**TASK DETAILS**
Nothing but the lines from the one with "ディズニー「CARBOTIX ピノキオ」のフィギュア画像" through the end of the material should be retyped, word for word and without pictures.

**SUPPLIED INFORMATION**
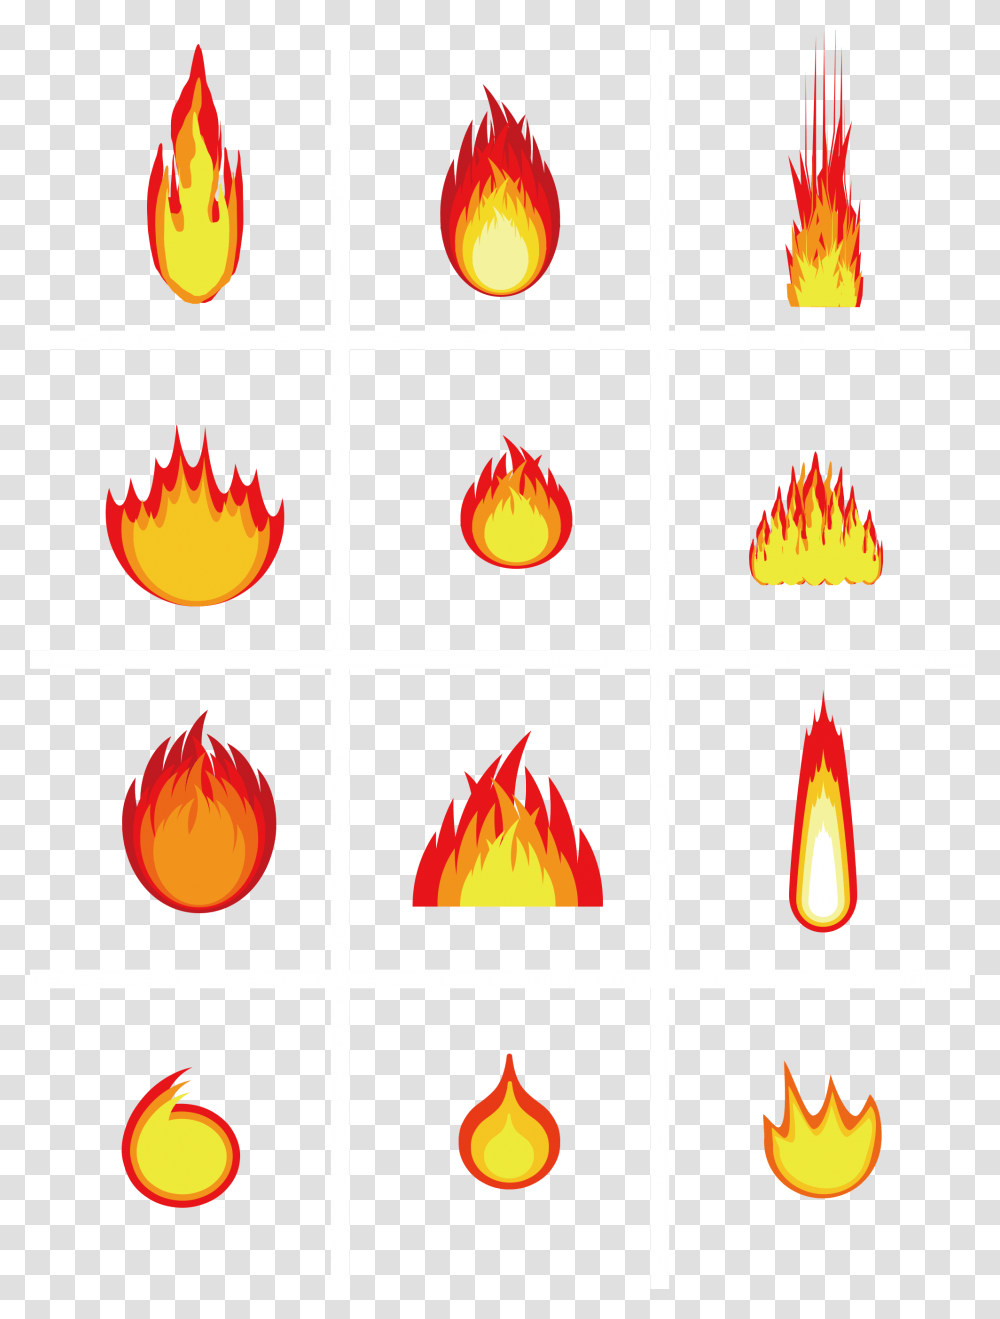 Fire Pillar, Flame, Lantern, Lamp Transparent Png
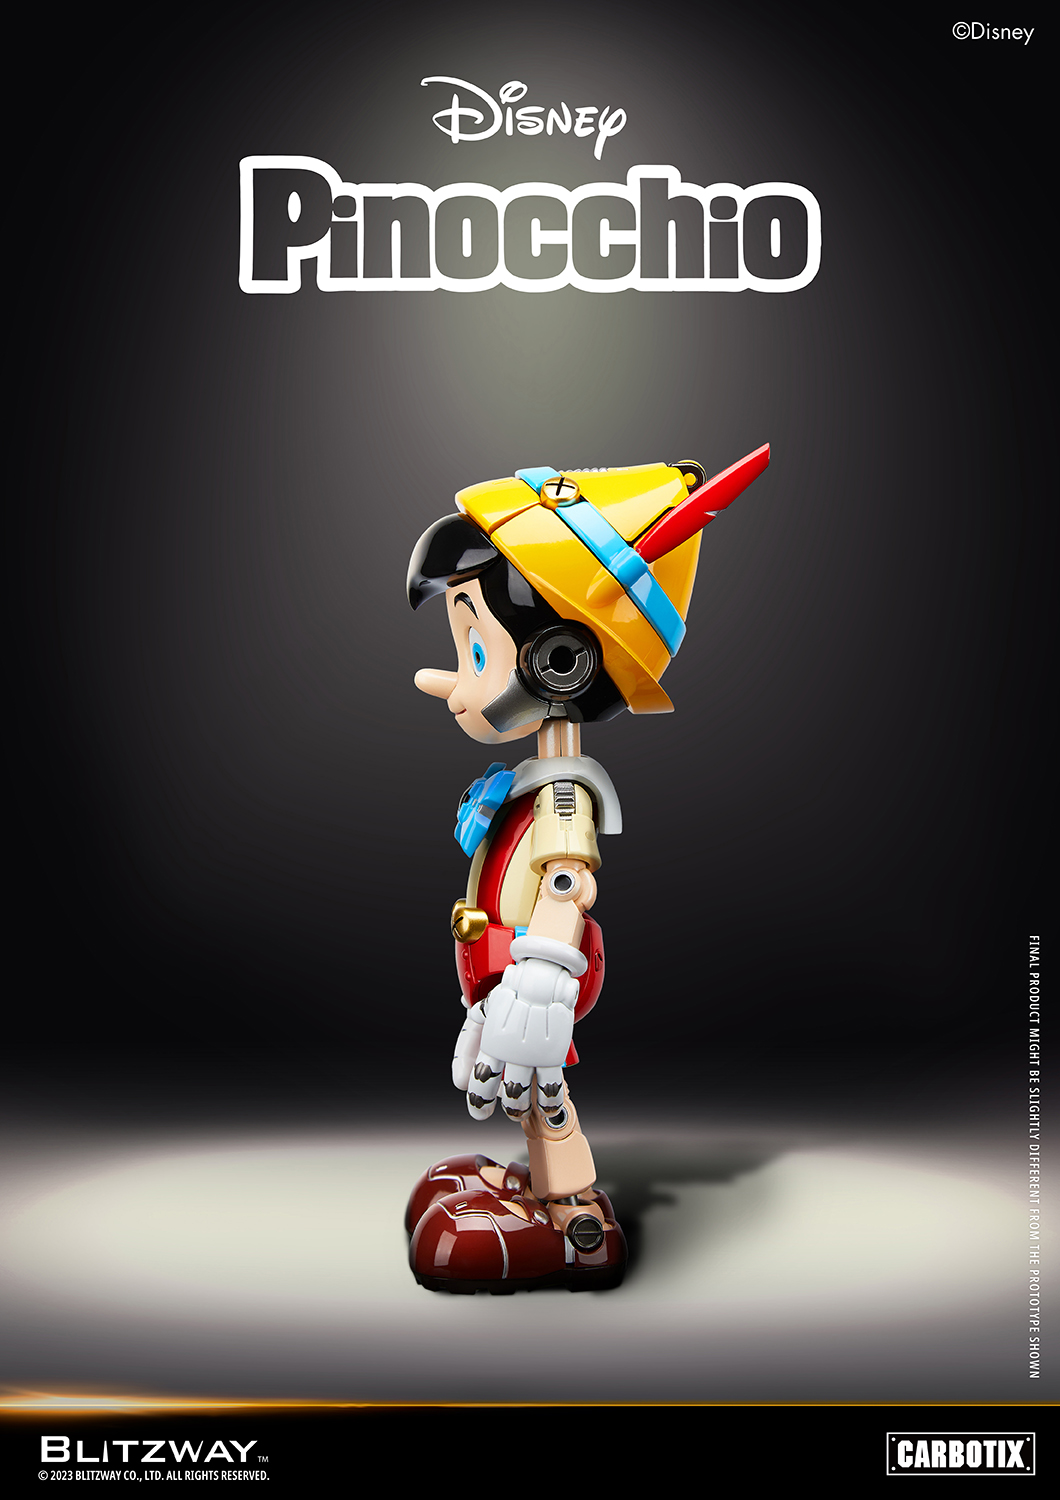 ディズニー「CARBOTIX ピノキオ」のフィギュア画像
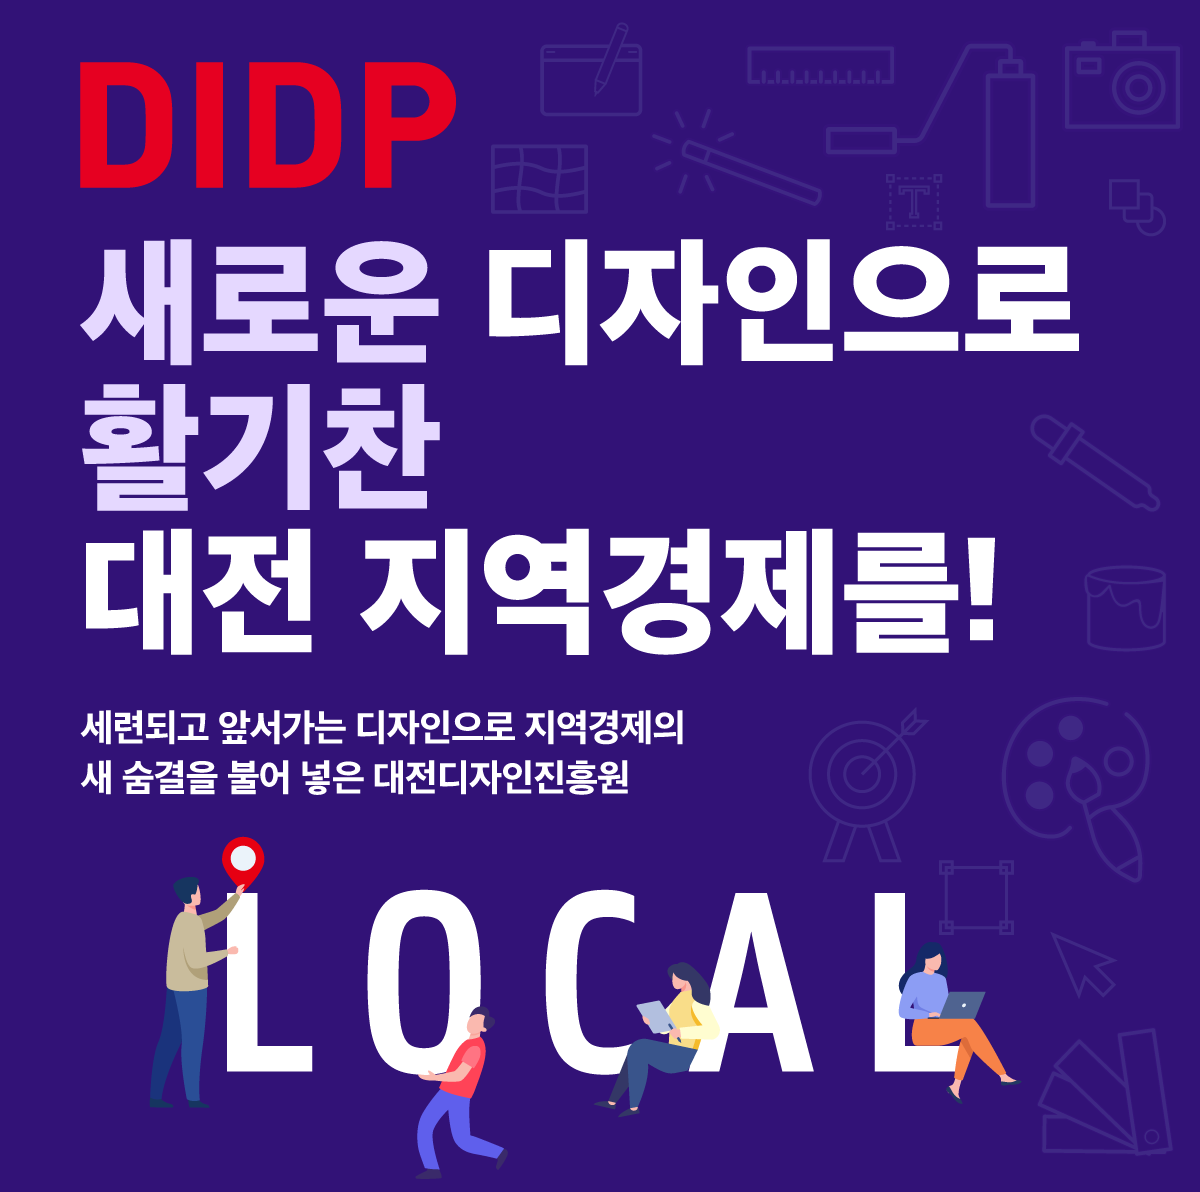 DIDP, 새로운 디자인으로 활기찬 대전 지역경제를!

**YOUR SOLUTION**
 ディズニー「CARBOTIX ピノキオ」のフィギュア画像
 DIDP, 새로운 디자인으로 활기찬 대전 지역경제를!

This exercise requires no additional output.